書き下ろしSS
こだぬきと領主さまの物語 ~女神さまの御座す国~
乙女の夢
領主様のお屋敷には子狸がいます。
まん丸ふわふわな、女の子にもなれる子狸です。
見ていて笑いを誘う、呑気でちょっぴり滑稽な仕草。
大好きな領主様のためならば、いつだって火の中水の中な行動力。
前のめりになって努力するその姿はとても愛らしいのですが……。
今回に限っては、その行動力が領主様を大変困った事態に陥らせることになりました。
さて、一体何をしようとしているのでしょうか?
狩り、でしょうか?
いえいえ、それならば領主様は静かに見守ることでしょう。身体能力を弁えた範疇で、ではありますが。……そろそろ、身体能力の低さ(現実)を伝えるべきかと悩んでいる領主様です。
では、友達100人計画?
まずは100を数えられるようにしている最中ですから、領主様は応援しています。
違います。
子狸がやる気を見せ、領主様が困っている理由。
それはずばり。
膝抱っこ、なのです。
領主様が子狸を? 否、それならば領主様は喜んで膝を貸しますとも。
逆、逆なのです。子狸が、領主様を、膝の上に乗せようとしているのです。
領主様の膝の上が大好きな子狸は、思いついてしまったのです。
領主様にもお膝の上で休んでもらおう! と。
ですから、ソファに座って少女になった狸はスカートの上から膝を叩き、その大きな目をきらきらと期待に輝かせて、無邪気な笑顔で「どんとこーい」と、両手を広げているのです。
「……………………」
領主様は困りました。
大変、困りました。
この小さな婚約者は、大の大人である領主様を、本気で膝抱っこするつもりなのです。
そこにサイズ感を考慮した様子は微塵もありません。
本当に困りました。
言われるがままに、その小さな膝に乗ったりしたら、確実に潰します。
それは想像などではなく、誰もが予想出来る事実です。
けれども、子狸の行動は領主様を想うあまりのものなのです。大好きな領主様にも自分と同じようにお膝の上で休んでもらいたい。そんな単純な気持ちからの行動なのです。
純然たる好意と愛情表現。
とっても微笑ましい思いなのですが、……しかし。
無理なものは無理、なのです。
少しの間、考え込んでいた領主様でしたが、ふ、と一つ息を吐いてから狸娘の膝の上、ではなく、その隣に座りました。
子供の成長は早いと言っても、10歳が11歳になったところで、そうそう大きくはなりません。簡単に腕の中に囲えてしまえる少女はまだまだ小さくて。
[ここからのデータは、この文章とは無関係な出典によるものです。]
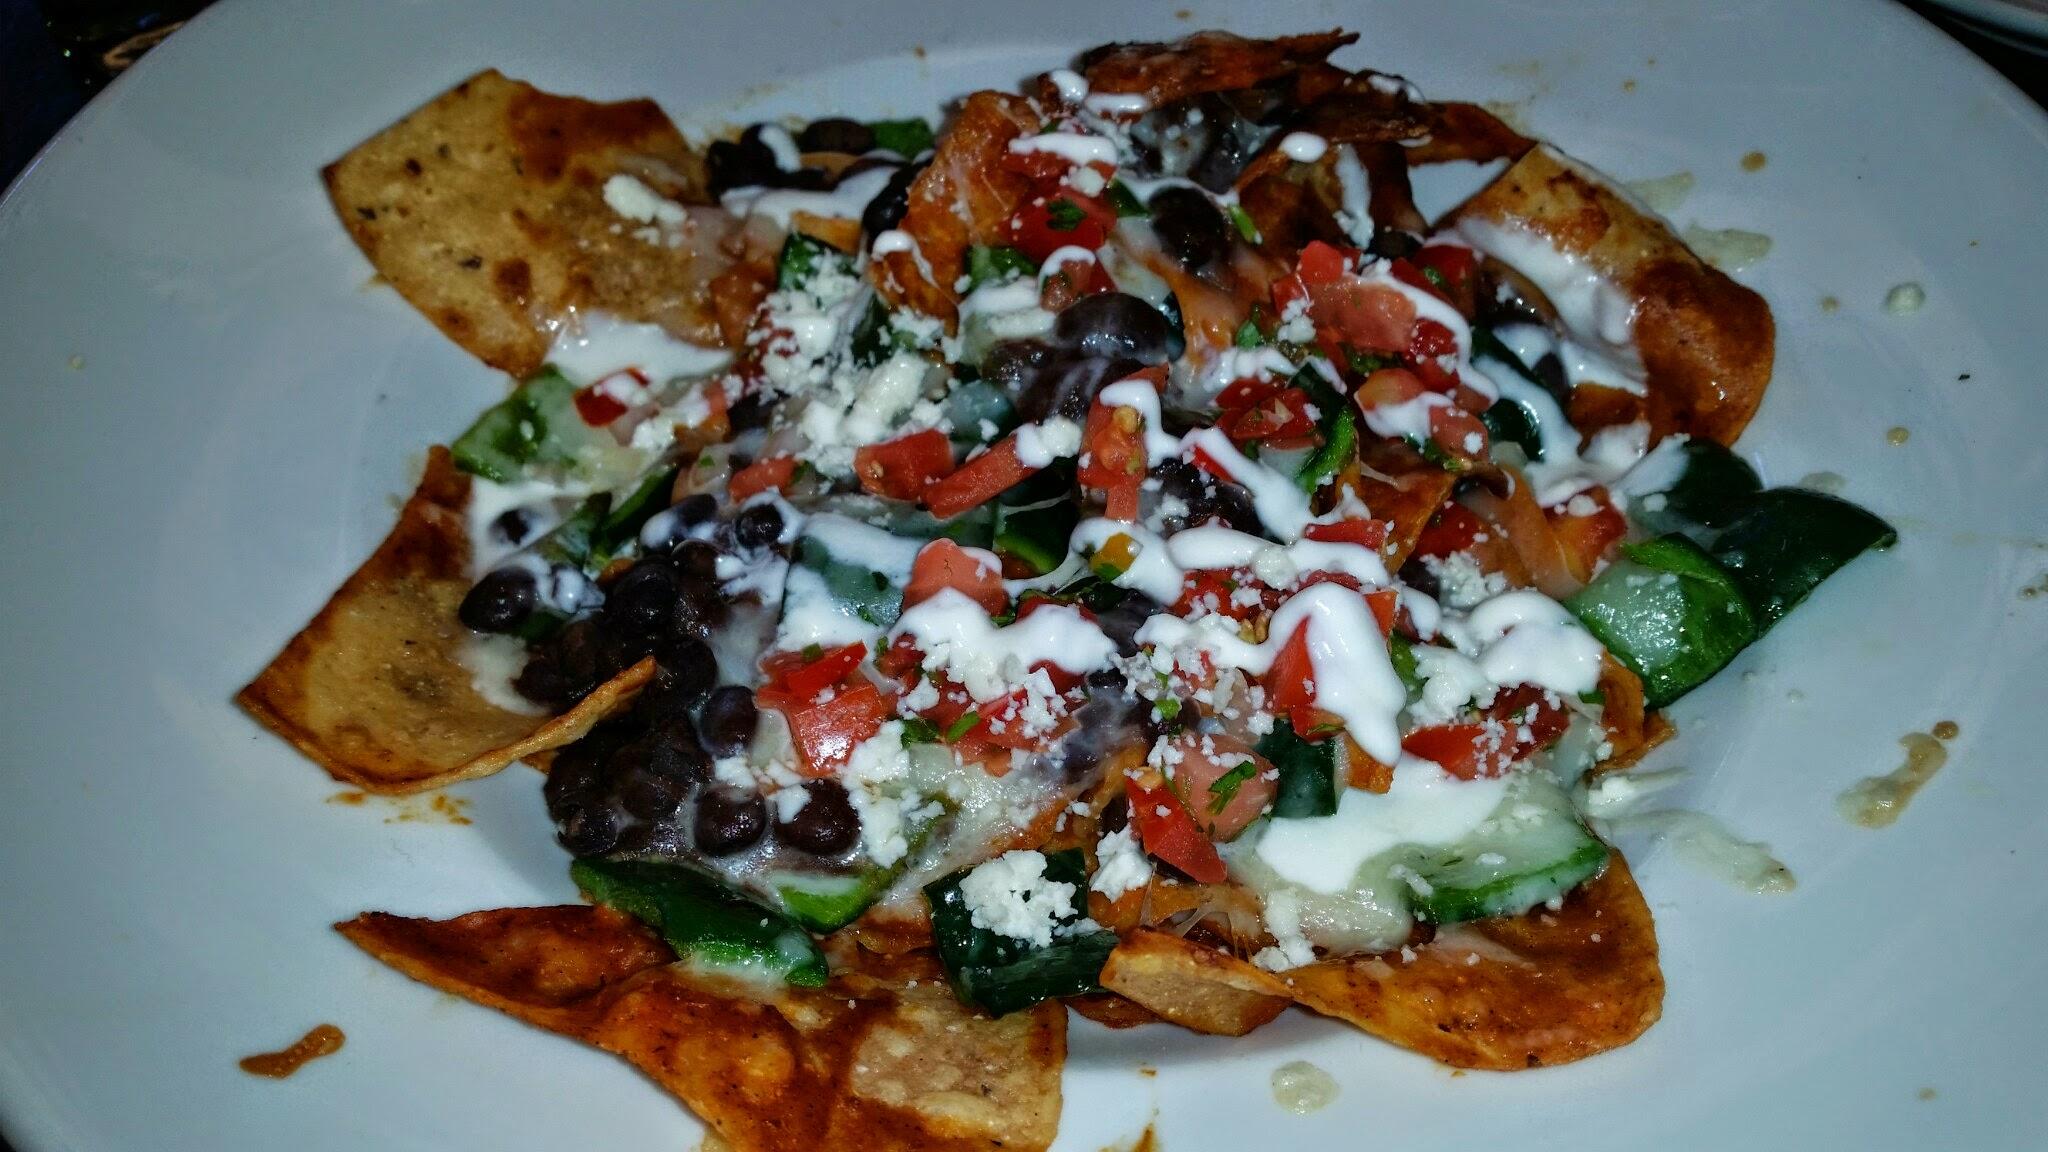 Tortilla Republic Brunch In Laguna Beach Is The Place To

領主様はそのとっても大切な婚約者を潰さずに済むよう、彼女の頭を撫でながら説得を試みることにしました。
「ネリ、膝の上に乗せるのは男の特権なんだ」
領主様自身、そんな特権あるのかどうか知りません。が、嘘も方便と申します。
今は子狸を納得させることが最重要。
割り切っている領主様は潔いほどきっぱりと言い切りました。
素直なネリは当然、その言葉を信じました。
がーんとショックを受けた顔をして、しおしお手を下ろします。ないはずの狸の耳がへにょりと垂れたのが見えた気がしたのは領主様の気のせいでしょうか。
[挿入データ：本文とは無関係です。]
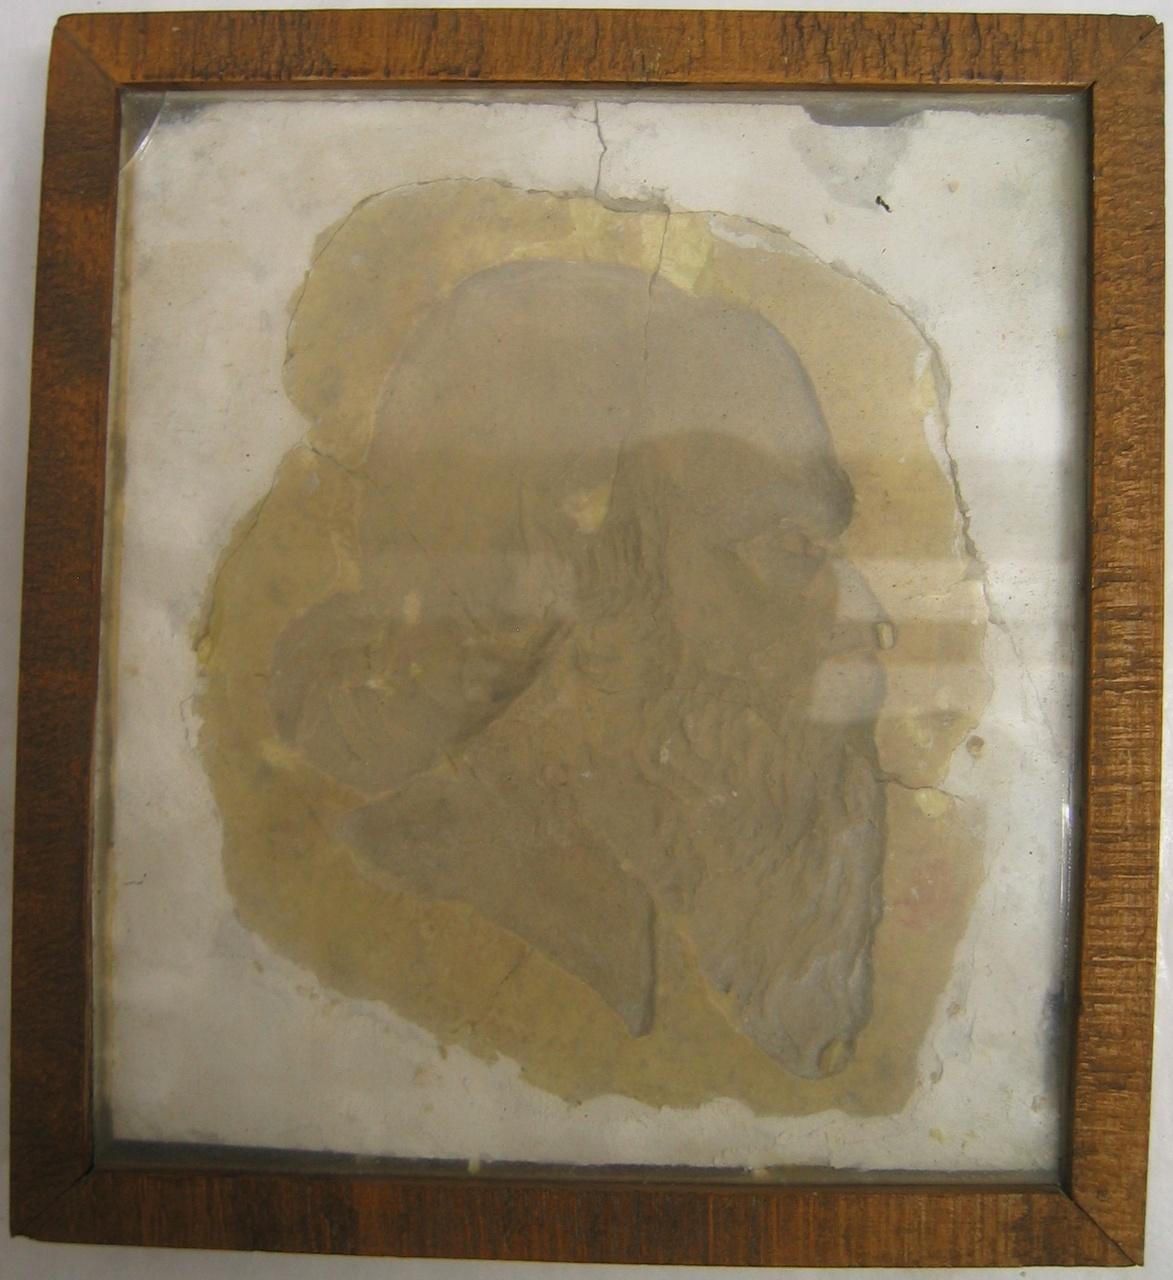 Vorm voor marsepein en/of suikerwerk, voorstellende hoofd van P.J.H. Cuypers

目に見えてしょんぼり意気消沈した狸は、けれども、少しして何かを思いついてしまったらしく、勢いよく顔を上げました。
「膝枕は乙女の夢なのです!」
「……………………」
誰だ、そんなことをネリに教えたのは。
領主様は苦々しさに口元が歪みそうになるのを必死に堪えながら、内心で頭を抱えました。
膝枕。
確かに恋人同士の間では甘い空気を醸し出す素晴らしいシチュエーションかもしれません。
しかし、お膝の上に乗っけたり、手ずから物を食べさせたり、頬を合わせて愛情表現をしたり、抱っこしたり……。膝枕なんてめじゃないくらい、らぶらぶな触れ合いを普段から当たり前のように行っているのですから、何も膝枕に拘る必要などないはずです。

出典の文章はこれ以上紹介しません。